European Central Bank to Accelerate Asset Purchases to Combat Rising Bond Yields

By Laurie Laird

LONDON (MaceNews) – The European Central Bank will accelerate purchases under its crisis quantitative easing programme, but otherwise left policy unchanged at Thursday’s Governing Council meeting, as it confronted the recent rise in bond yields.

“There was consensus at the table of the Governing Council today,” said ECB President Christine Lagarde, briefing reporters virtually following the rate-setting meeting.

Members of the council have sent mixed signals over the surge in bond yields over recent weeks. Earlier this month, Executive Board member Fabio Panetta said the increase was “unwelcome and should be resisted,” countering hawkish comments from Bundesbank President Jens Weidmann, who warned of potential tightening should inflation rise to his forecast of 3%. The head of the Bundesbank did not have a vote at Thursday meeting under the Governing Council’s rotating system.

ECB bond holdings under its Pandemic Emergency Purchase Programme increased by €11.9 billion in the week ending 3 March, down from €12.0 billion the previous week and an average of over €18 billion since the programme began last year, confounding analysts who expected an acceleration of purchases as sovereign yield climb.

But Lagarde defended the timing of the announcement, stressing that quickening the pace on a “quarterly basis is convenient,” given the “fresh data and fresh information” available to the Governing Council ahead of regular rate-setting meetings.

The Council modestly increased its 2021 growth forecast to 4.0% from the 3.9% gain predicted in December, but lifted its inflation forecast more dramatically, to 1.5% this year from the 1.0% projected three months ago. Given “technical and temporary factors” such as the rise in German value-added tax at the start of the year and the increase in energy prices from low levels in 2020, inflation could hit 2% by year end, Lagarde added.
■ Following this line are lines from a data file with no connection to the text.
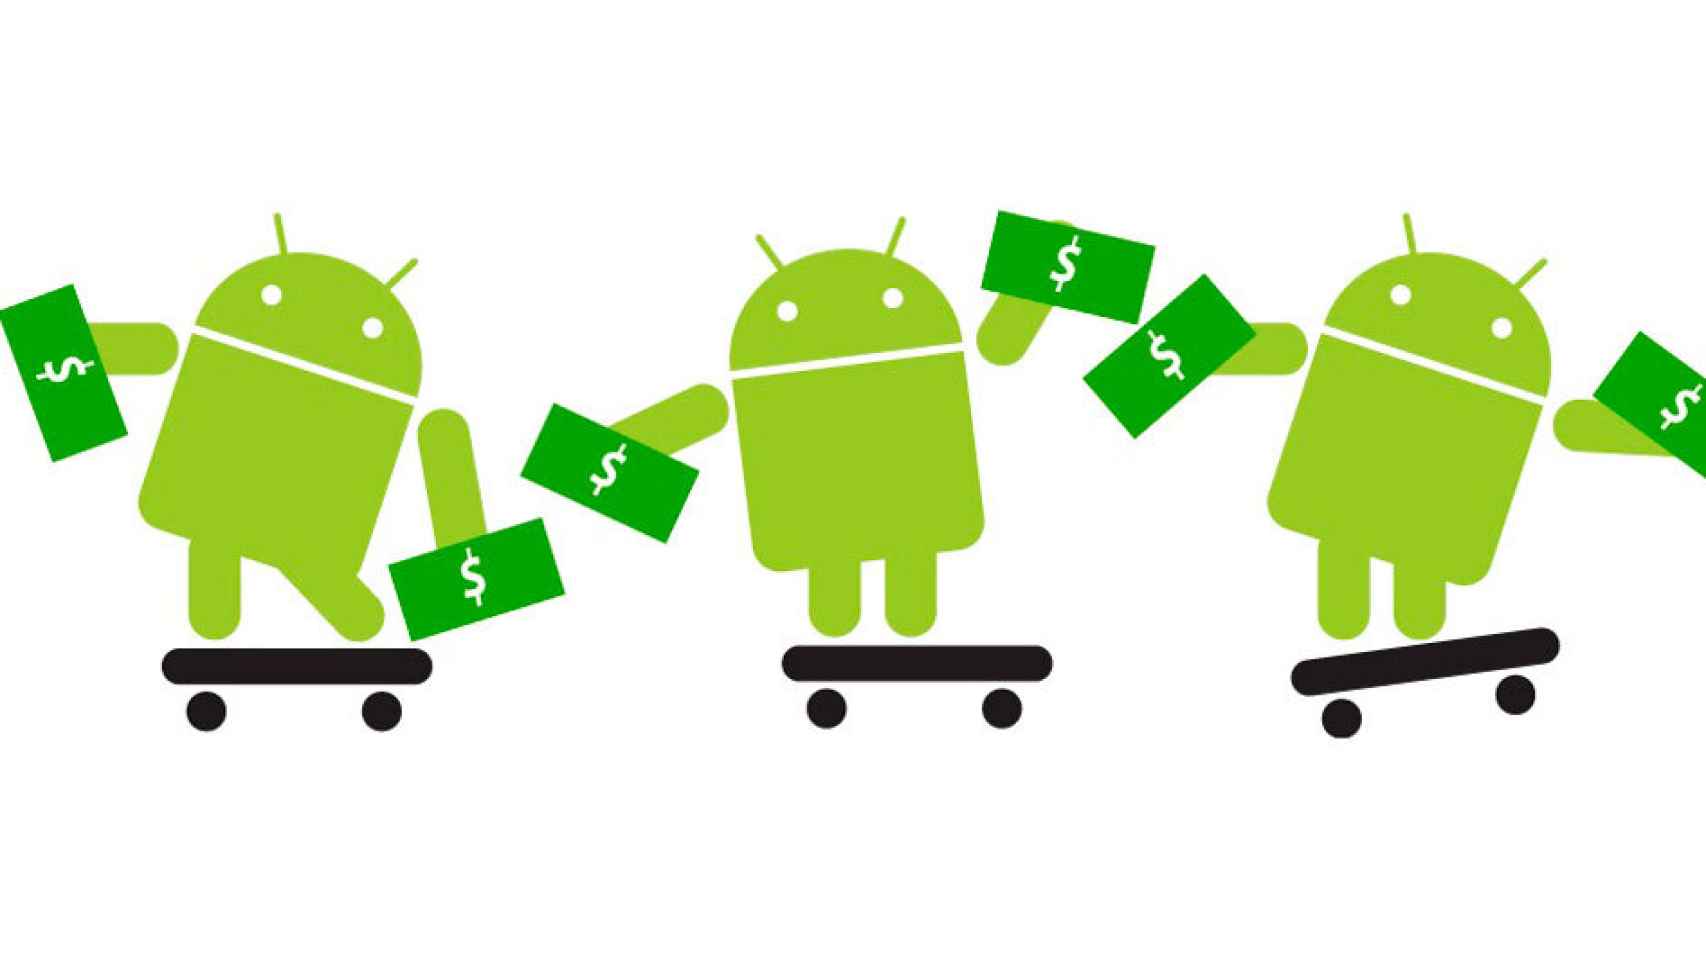 Huawei P10 Plus, Galaxy S8, Google Pixel 2: todos más caros que sus antecesores
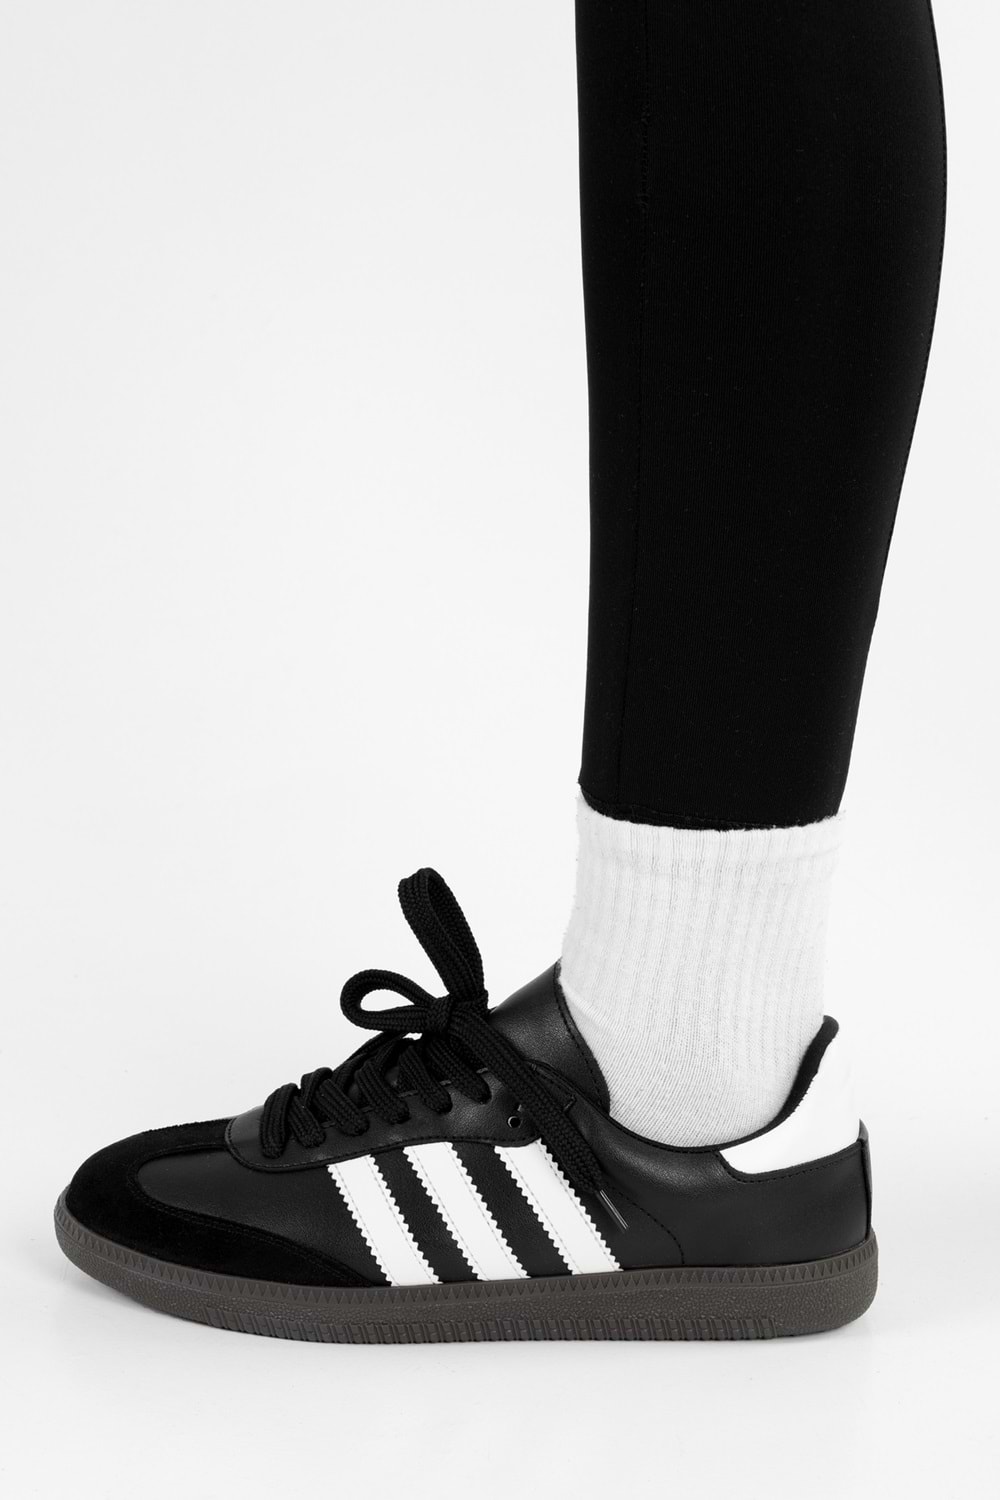 Kadın Sambai Siyah-Beyaz Çizgili Düz Spor Ayakkabı
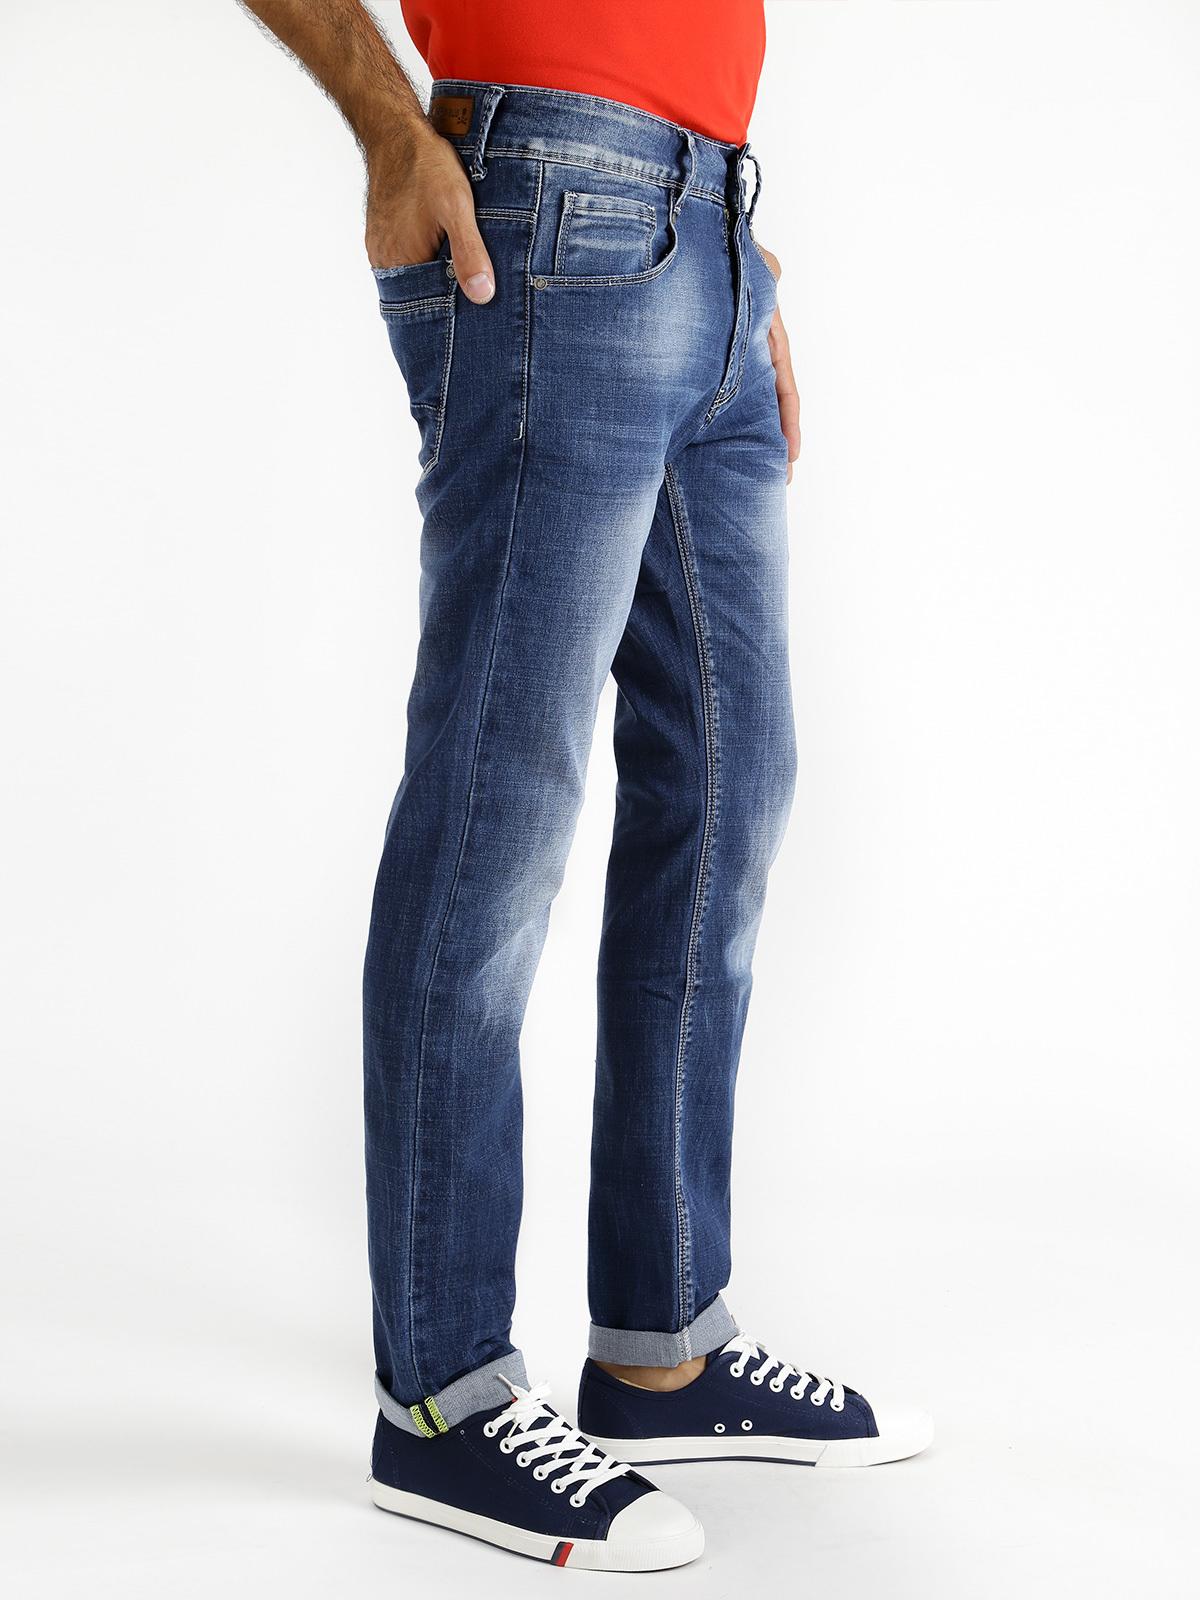 Zero Blu Jeans in cotone modello 5 tasche - regular fit ...
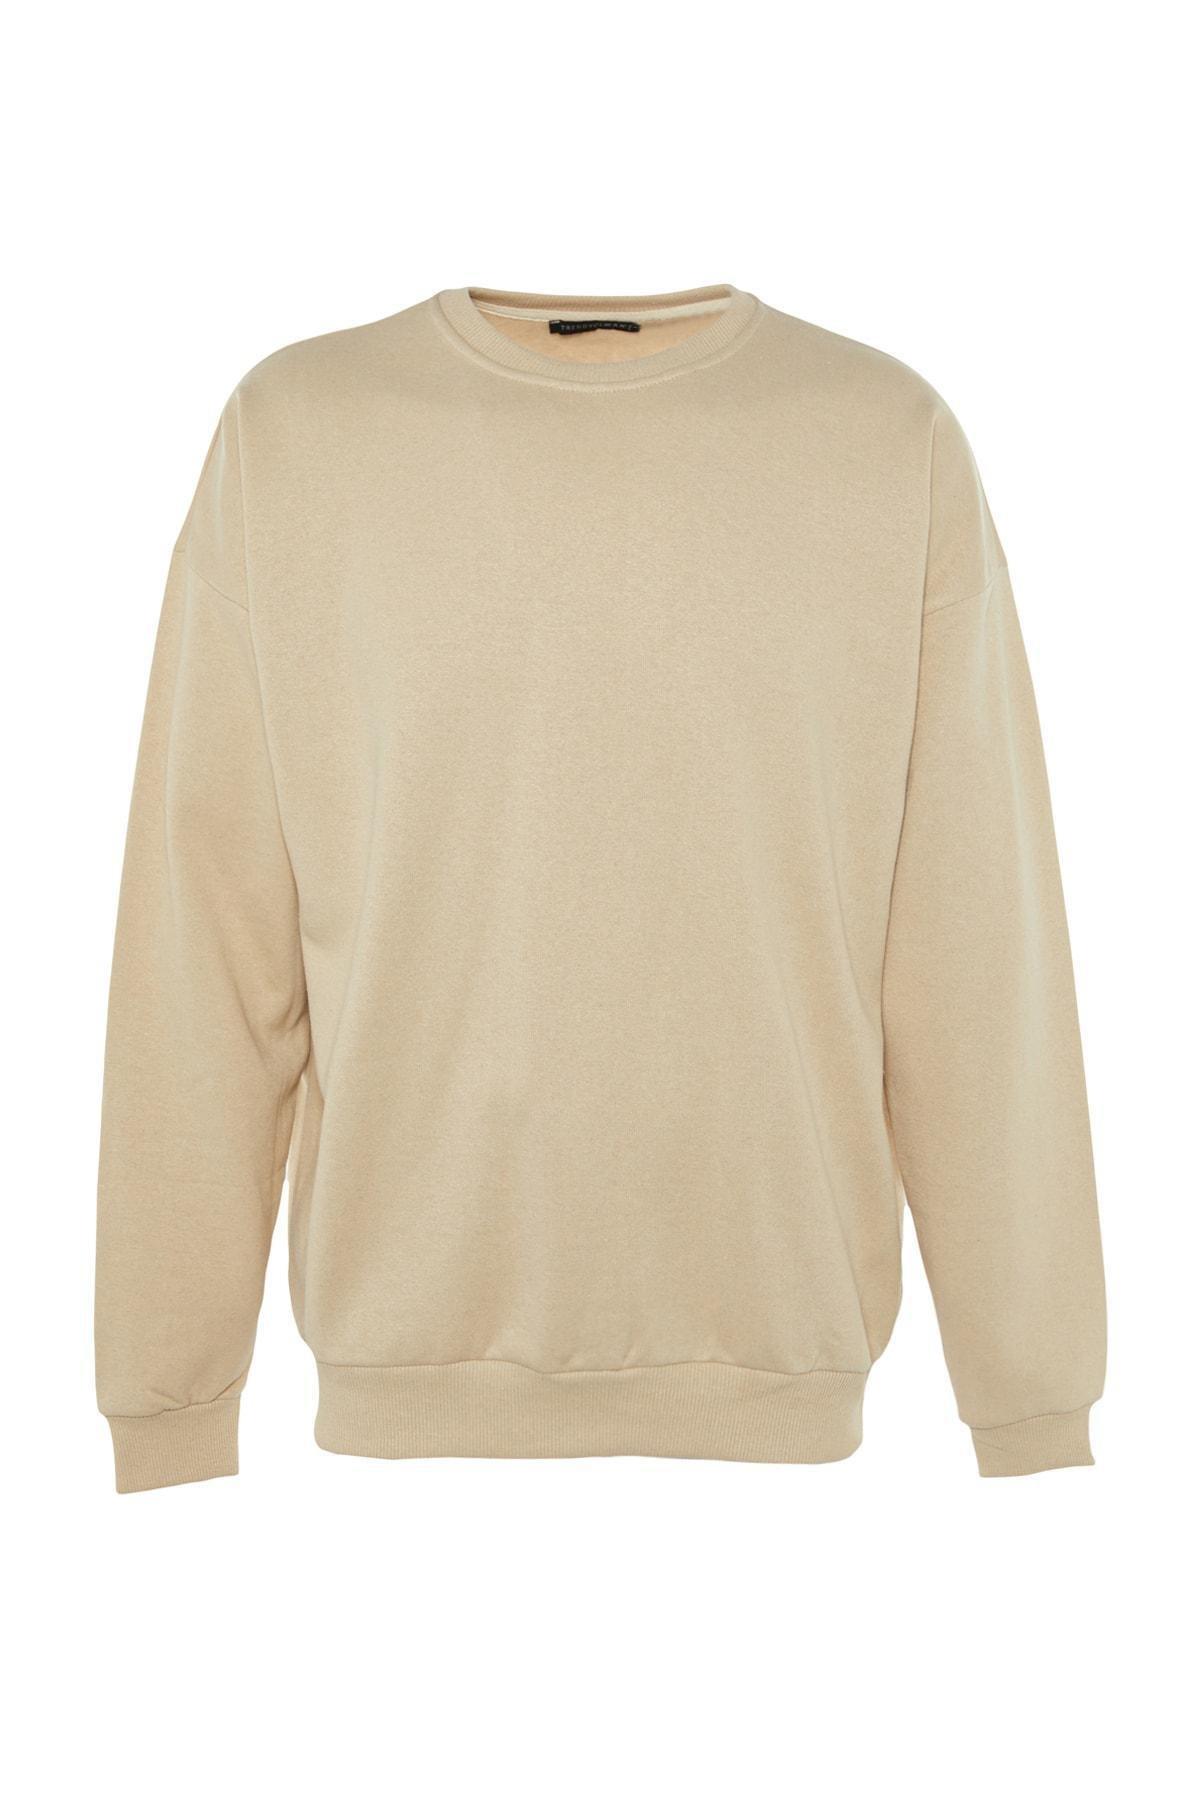 Trendyol - Beige Printed Oversize Sweatshirt

However, inflation will fall to an annual rate of 1.1% next year before recovering to 1.4% in 2023, remaining well below the ECB’s target of close to but below 2%.

The latest forecasts do not include a lift from the $1.9 trillion U.S. stimulus package, but the “Biden plan is going to have an impact” on the global economy, said Lagarde, adding that the ECB’s June forecast will reflect the effect of additional U.S. spending. But she warned against “overestimating” the impact of U.S. fiscal policy on the eurozone economy.